Markov decision processes with observation costs: framework and computation with a penalty scheme

Christoph Reisinger,Jonathan Tam
2023-12-06
Abstract:We consider Markov decision processes where the state of the chain is only given at chosen observation times and of a cost. Optimal strategies involve the optimisation of observation times as well as the subsequent action values. We consider the finite horizon and discounted infinite horizon problems, as well as an extension with parameter uncertainty. By including the time elapsed from observations as part of the augmented Markov system, the value function satisfies a system of quasi-variational inequalities (QVIs). Such a class of QVIs can be seen as an extension to the interconnected obstacle problem. We prove a comparison principle for this class of QVIs, which implies uniqueness of solutions to our proposed problem. Penalty methods are then utilised to obtain arbitrarily accurate solutions. Finally, we perform numerical experiments on three applications which illustrate our framework.
Optimization and Control,Numerical Analysis
What problem does this paper attempt to address?
The paper primarily focuses on solving optimization problems in Markov Decision Processes (MDPs) with observation costs. Specifically, it considers a scenario where the state of the MDP can only be obtained at selected observation times, and each observation incurs a certain cost.
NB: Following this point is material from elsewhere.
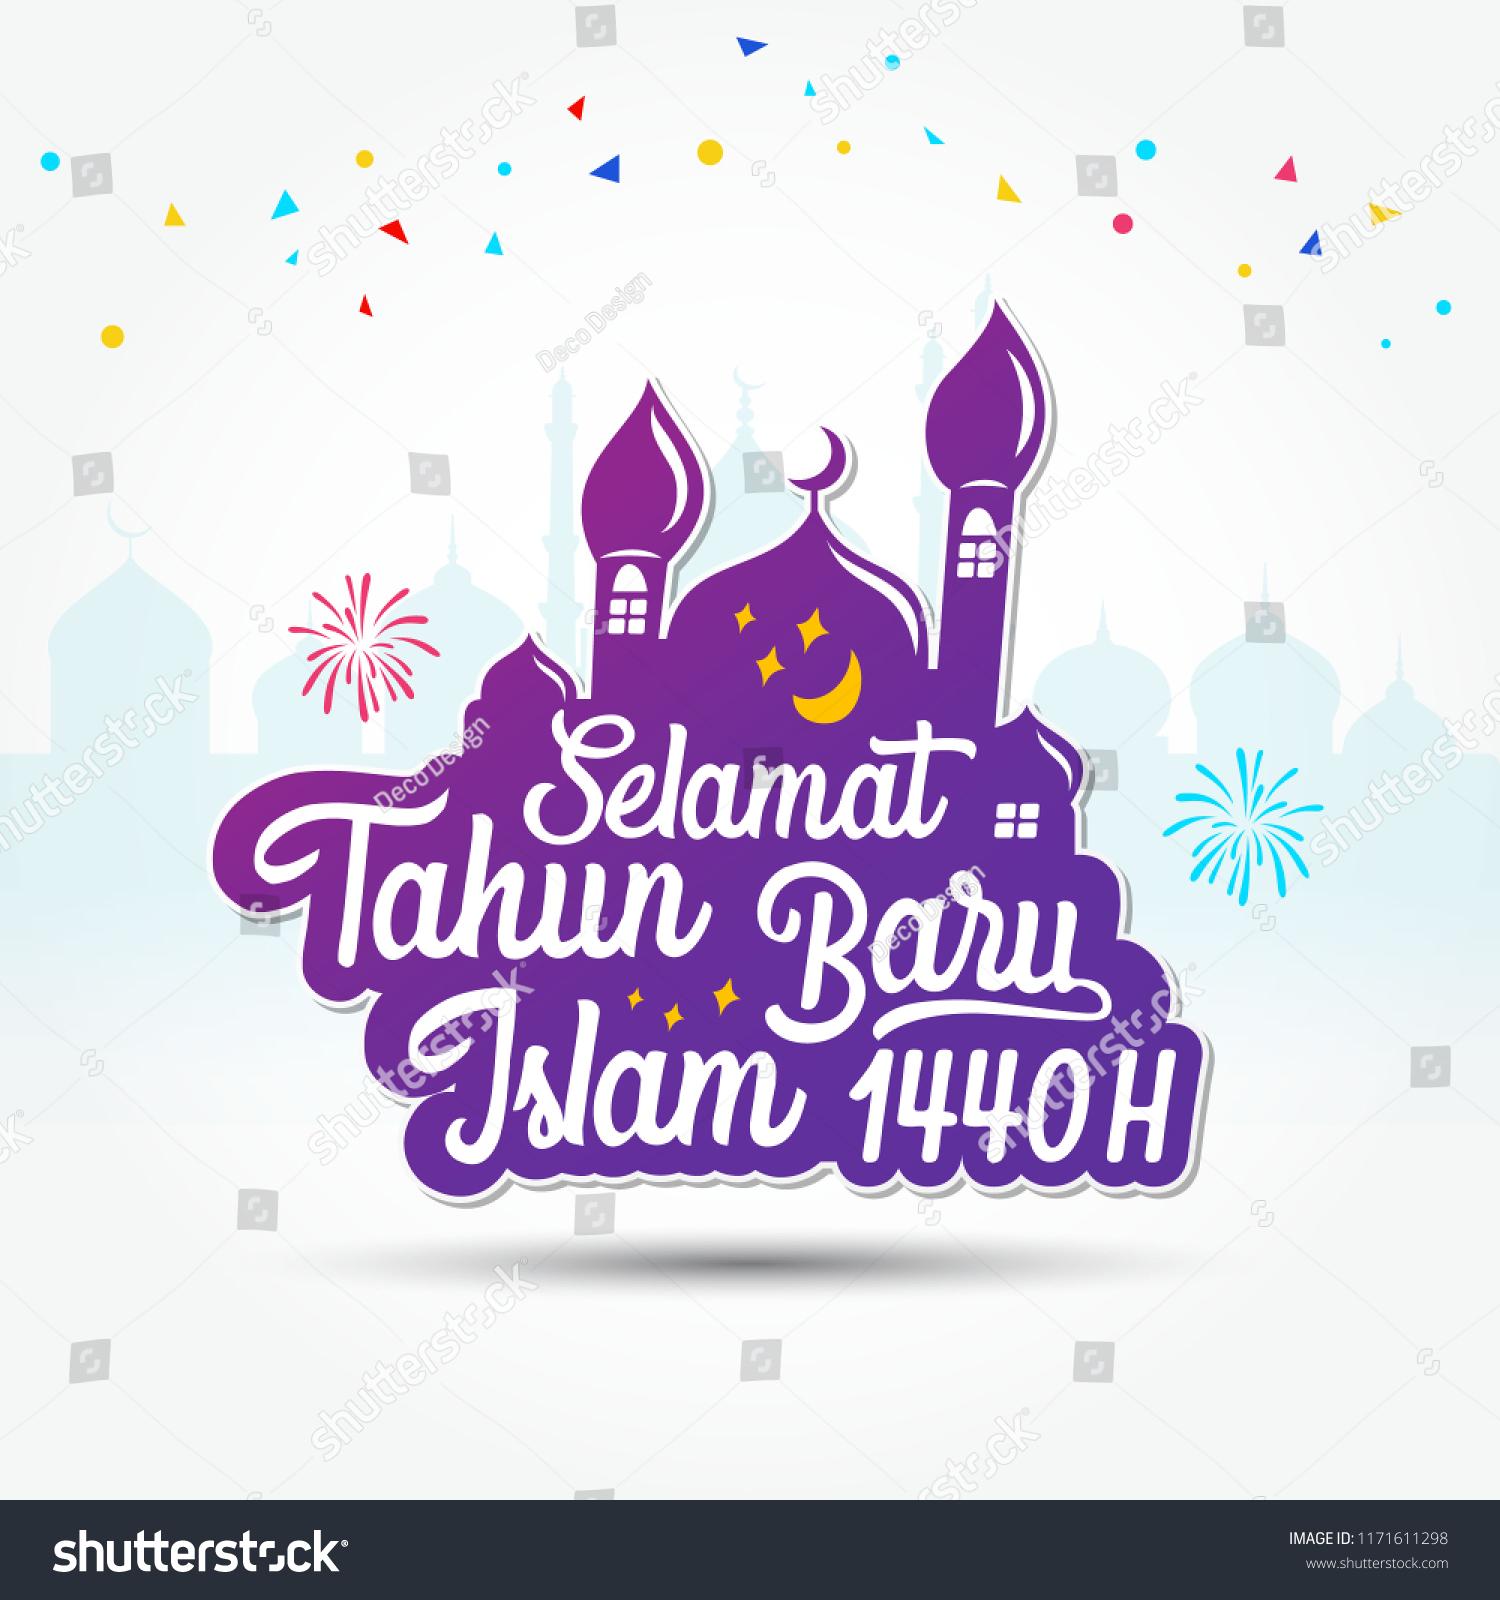 Gambar Kaligrafi Tahun Baru Islam 2019 Cikimm Com

Therefore, the optimization strategy needs to consider not only the selection of observation times but also the subsequent action values. The key contributions of the paper can be summarized as follows: 1. **Construction of the Observation Cost Model (OCM)**: - Introduced the concept of observation cost on the basis of standard MDPs, meaning that observing the system state requires a certain cost. - OCM assumes that actions remain unchanged between two observations. - The paper formulates OCM as a Partially Observable Markov Decision Process (POMDP), where the passage of time is considered as part of the extended Markov system. 2. **Mathematical Modeling of the Optimization Problem**: - Defined finite-horizon and infinite-horizon discounted problems. - For each problem, derived optimality equations through dynamic programming, which are expressed in the form of Quasi-Variational Inequalities (QVIs). - Established a comparison principle, proving the existence and uniqueness of the solutions to the proposed QVIs. 3. **Numerical Methods and Experimental Validation**: - Proposed a penalty scheme to efficiently solve the aforementioned QVIs. - Validated the effectiveness of the proposed framework through numerical experiments, particularly demonstrating its application potential in three case studies. In summary, the main objective of this paper is to provide a theoretical framework for MDPs with observation costs and to propose effective numerical methods to solve such problems. This has broad application prospects in fields such as maintenance, portfolio optimization, sensor detection, and reinforcement learning.